↓

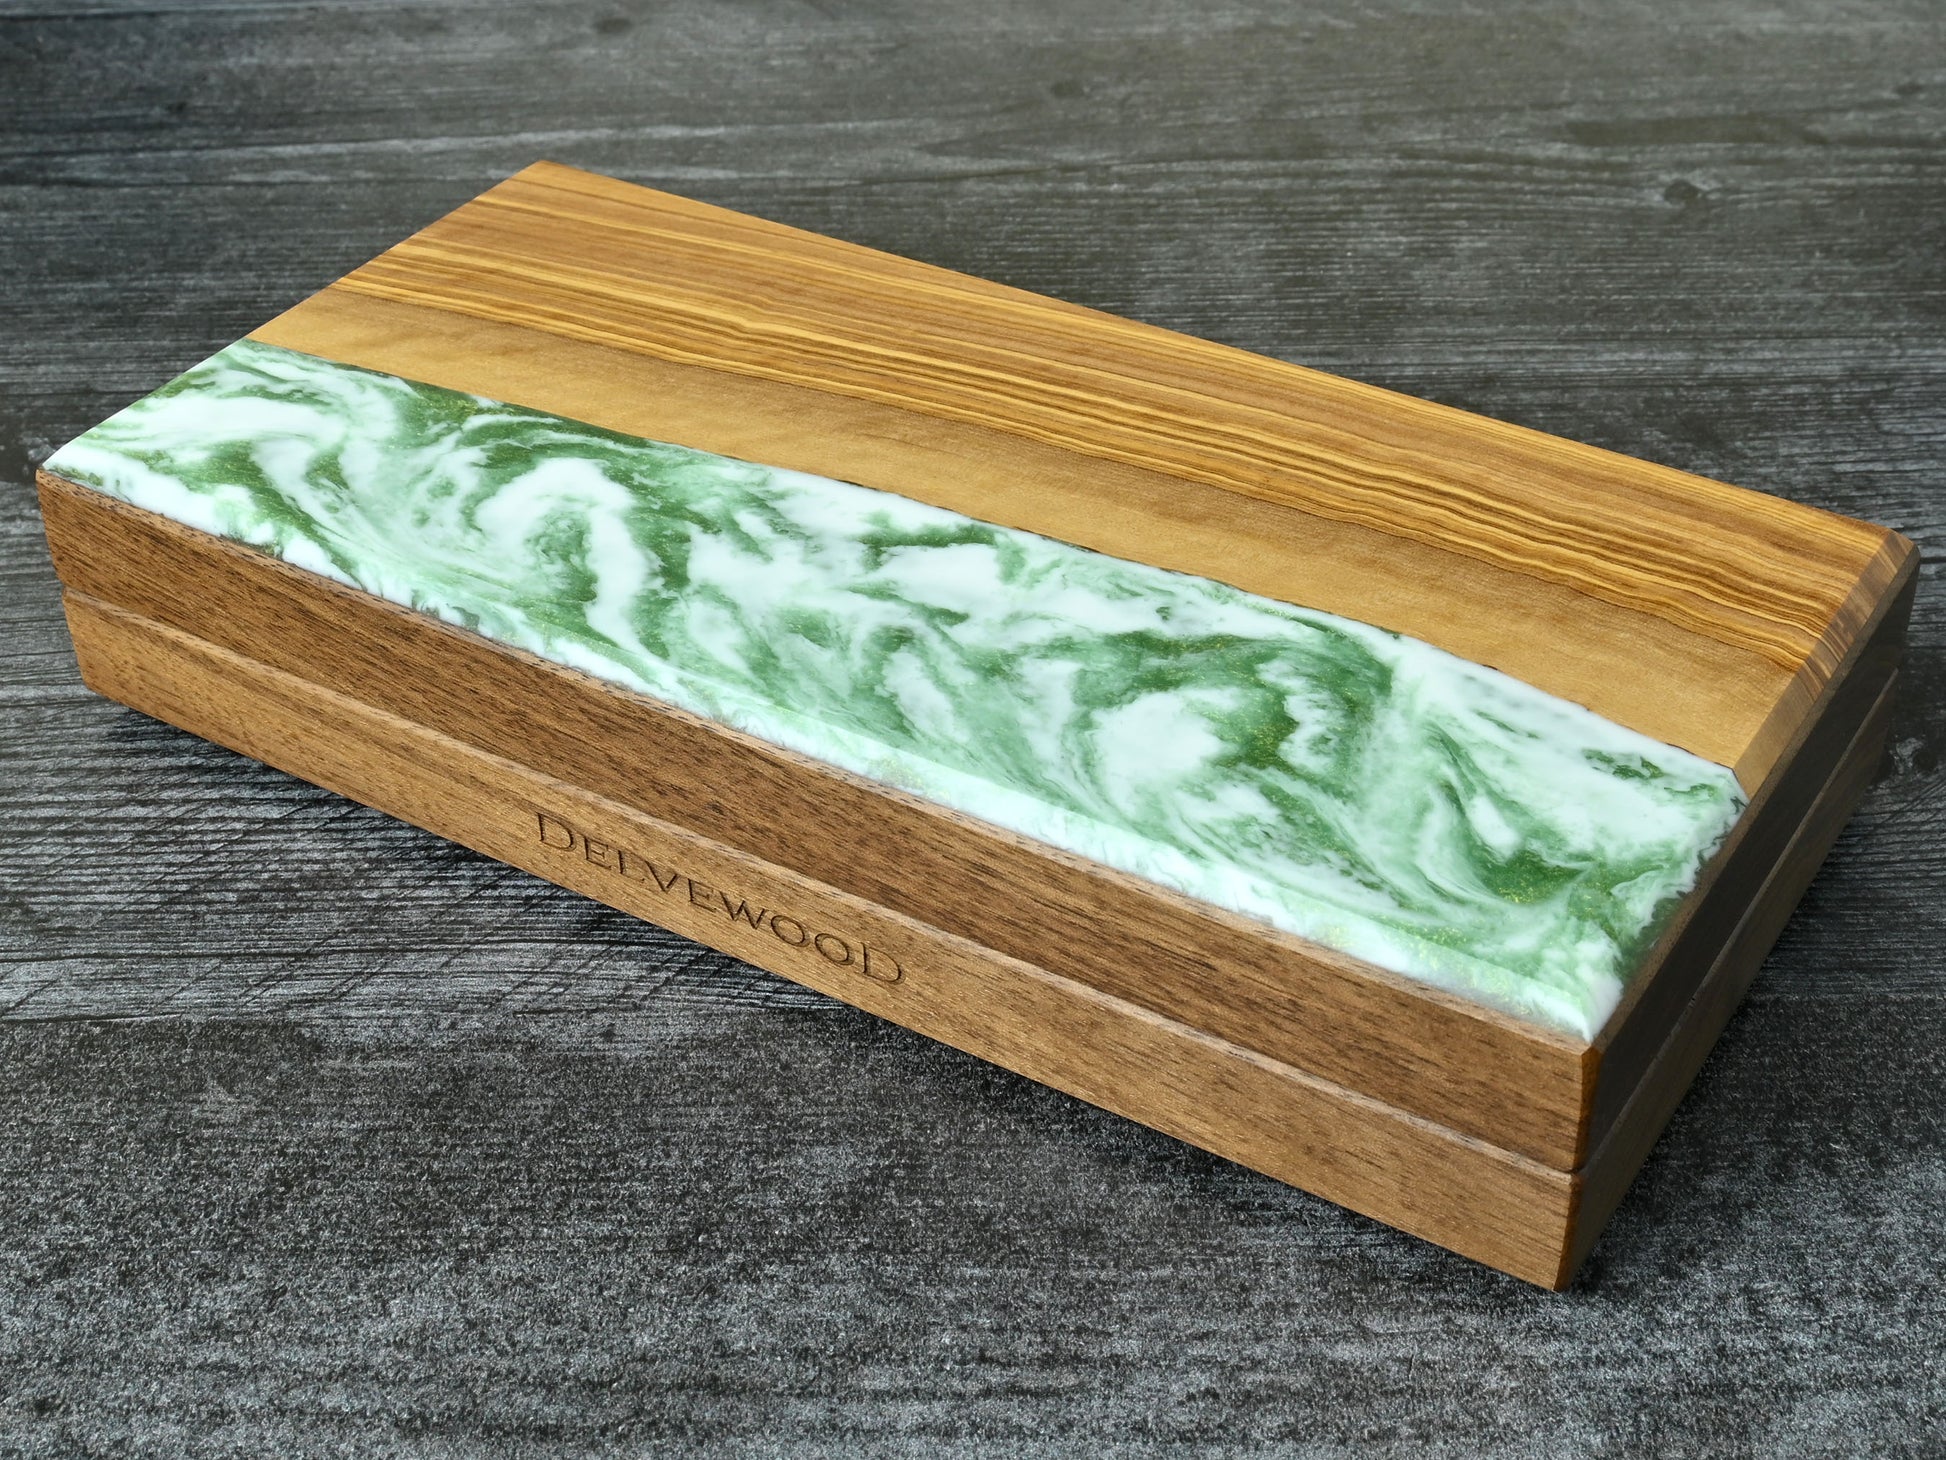 Misty forest olivewood and walnut Delver's kit dice box & tray for D&D ttrpg
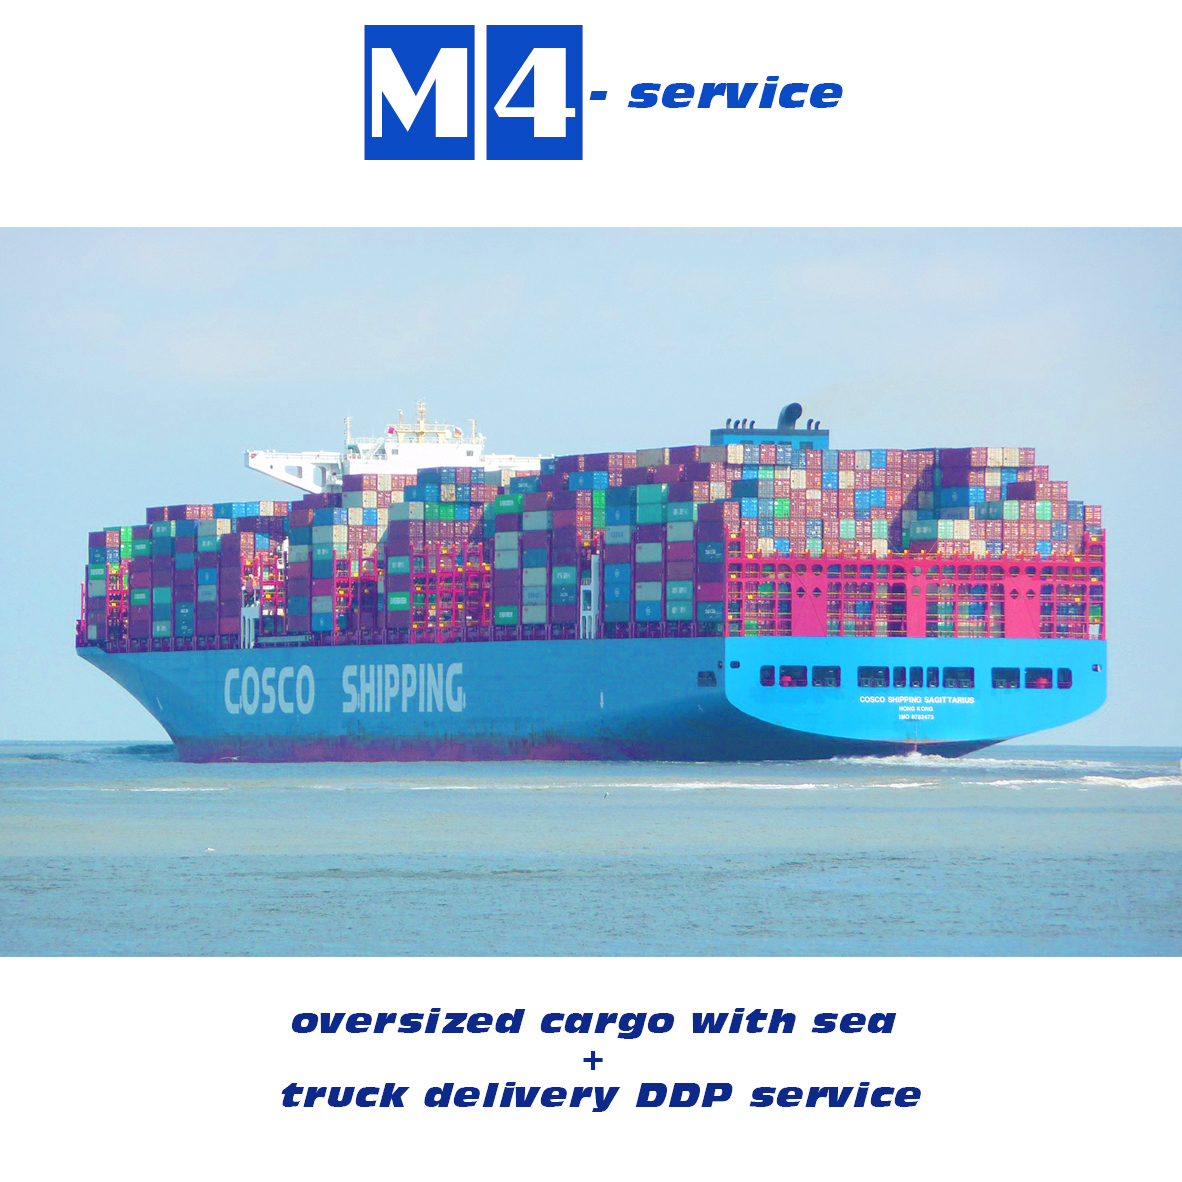 M4 channel for oversized cargo with sea + truck delivery DDP service
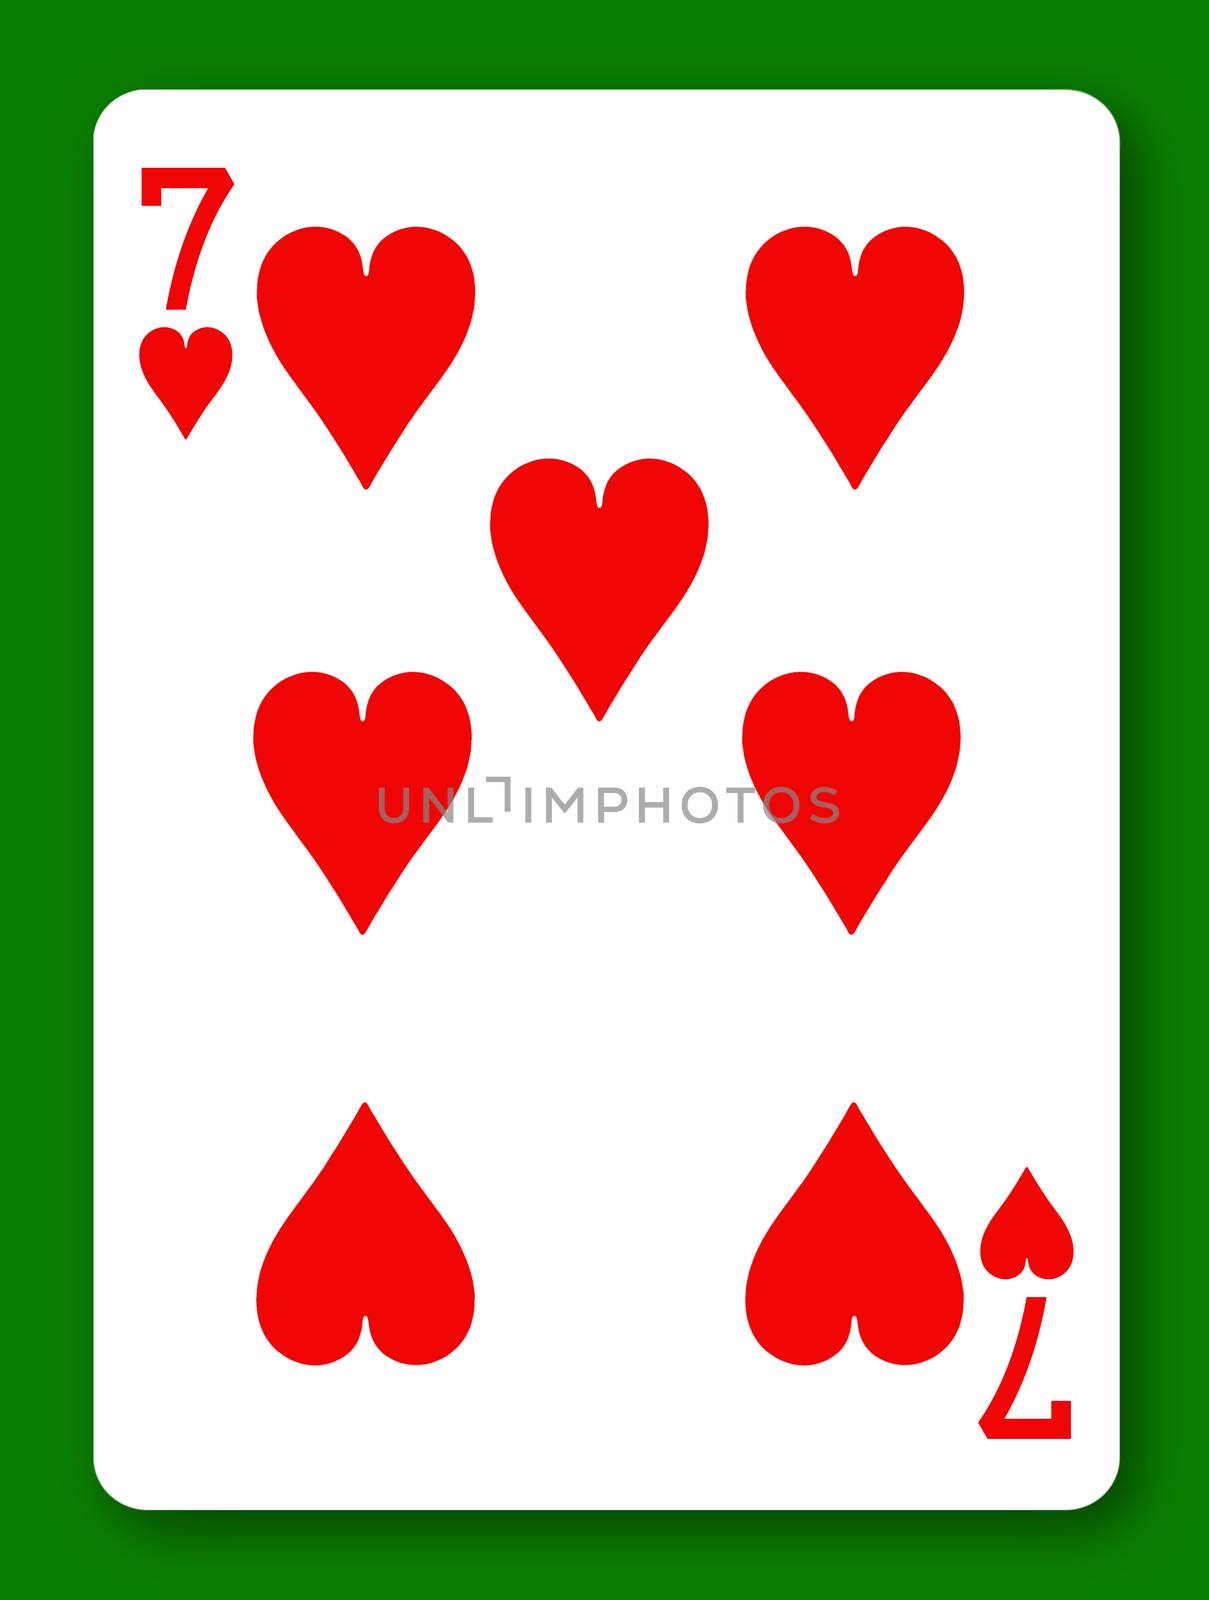 A 7 Seven of Hearts playing card with clipping path to remove background and shadow
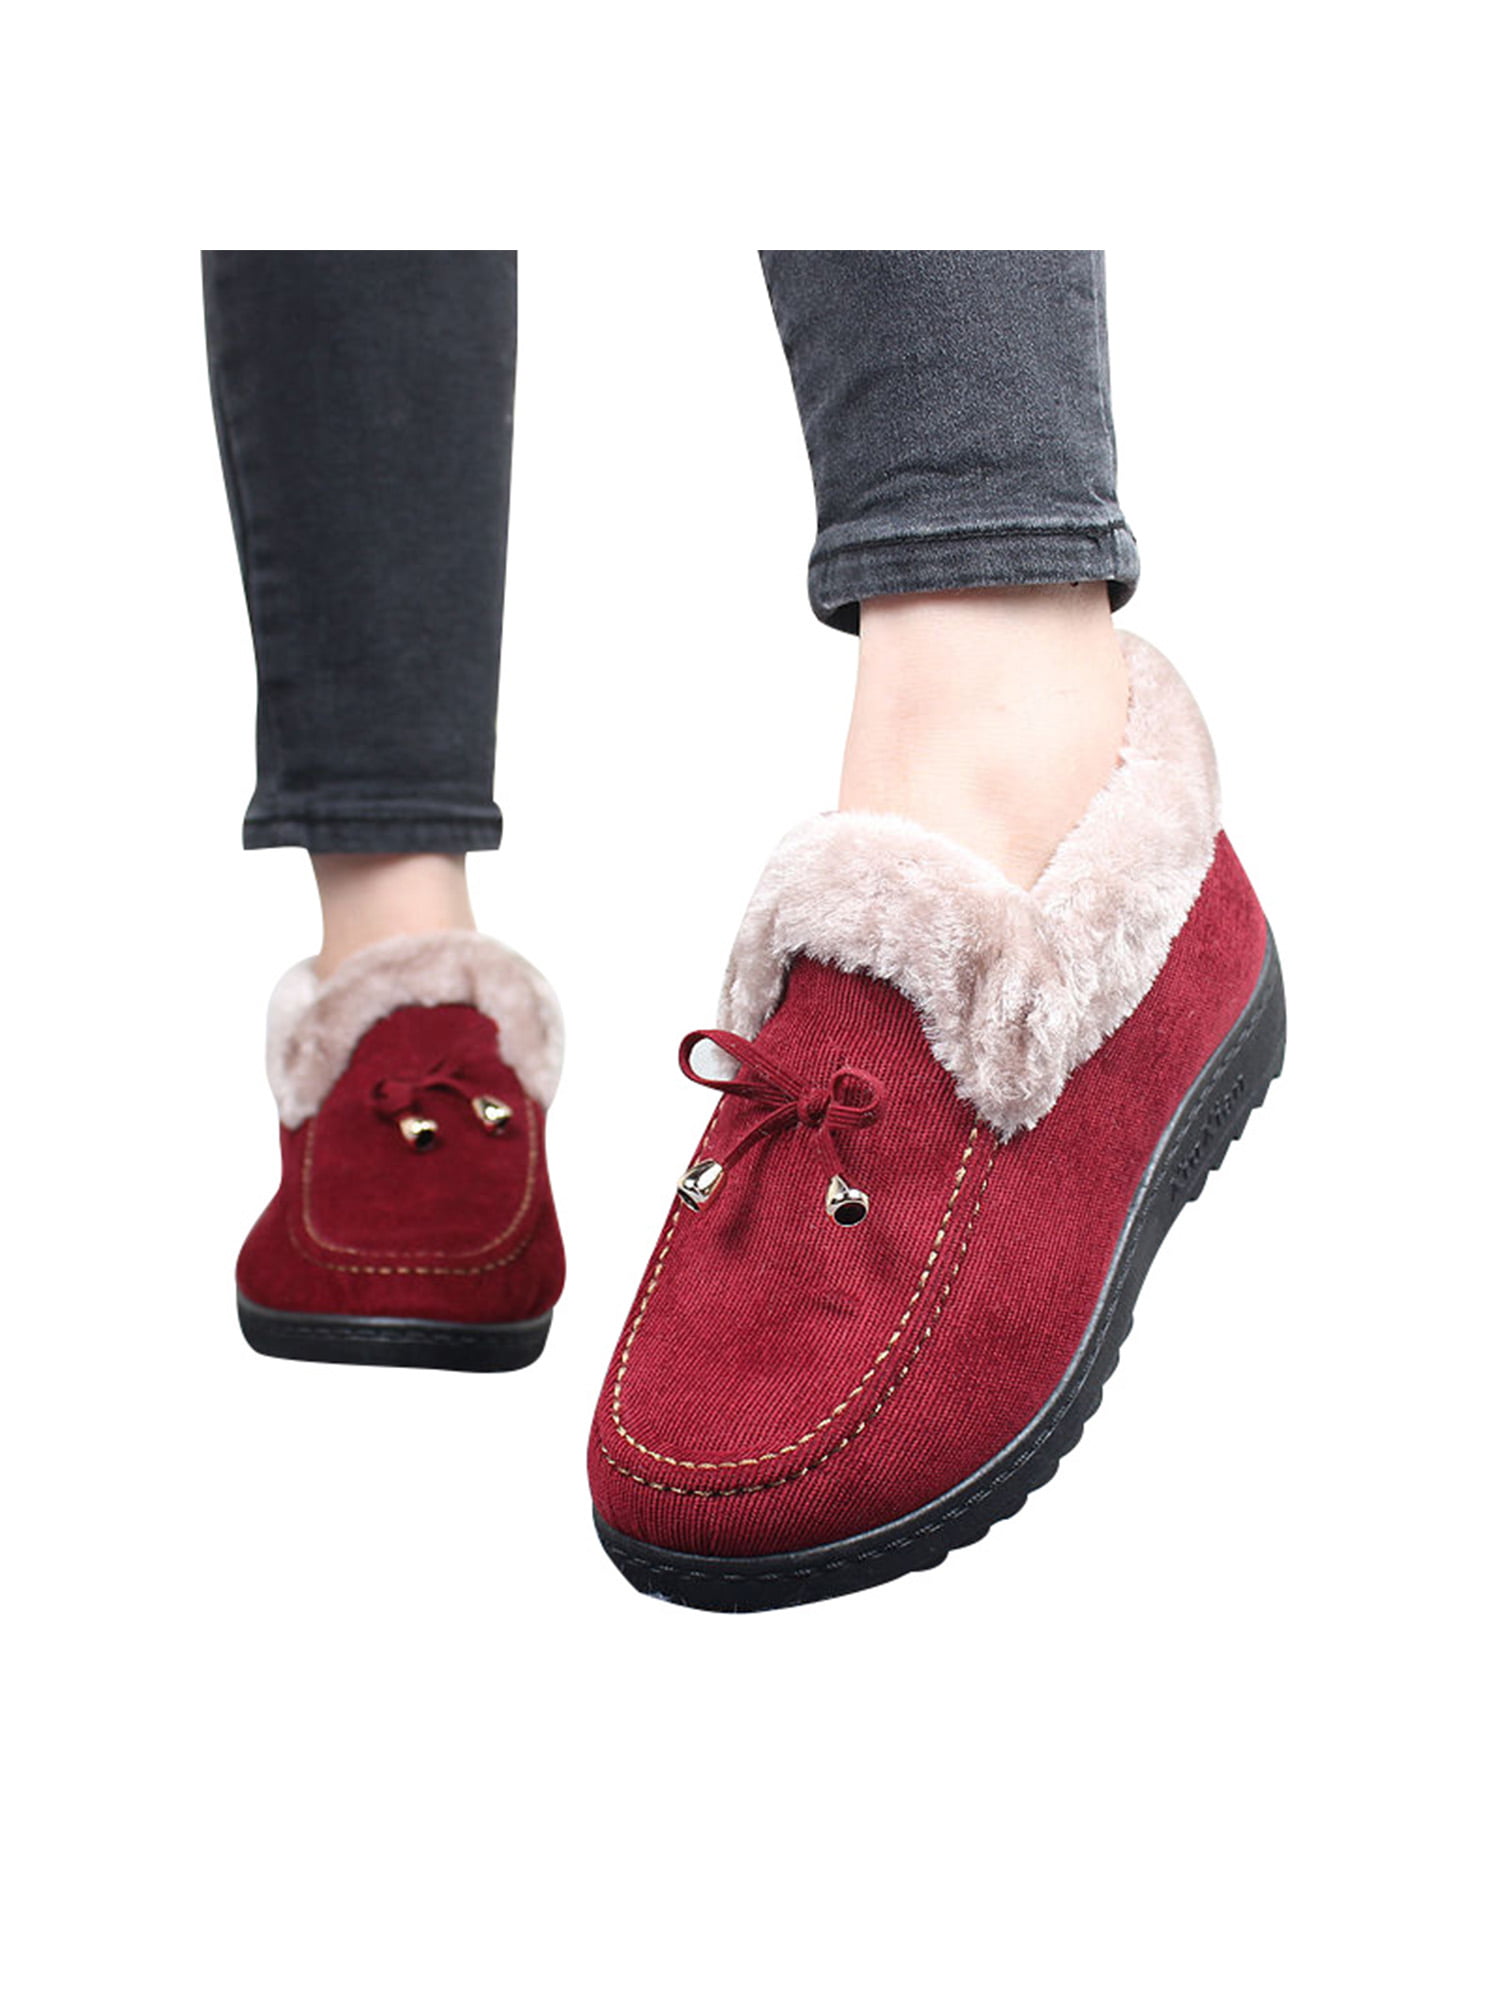 LADIES SLIPPERS WOMEN DUNLOP MEMORY FOAM FUR THERMAL ANKLE BOOTS WARM SHOES SIZE

↑

- _About this exercise_: Starting at the line that contains "A 7 Seven of", restate each line verbatim through the final line of the listing, skipping all pictures.

- _Output of the exercise_:
 A 7 Seven of Hearts playing card with clipping path to remove background and shadow
 LADIES SLIPPERS WOMEN DUNLOP MEMORY FOAM FUR THERMAL ANKLE BOOTS WARM SHOES SIZE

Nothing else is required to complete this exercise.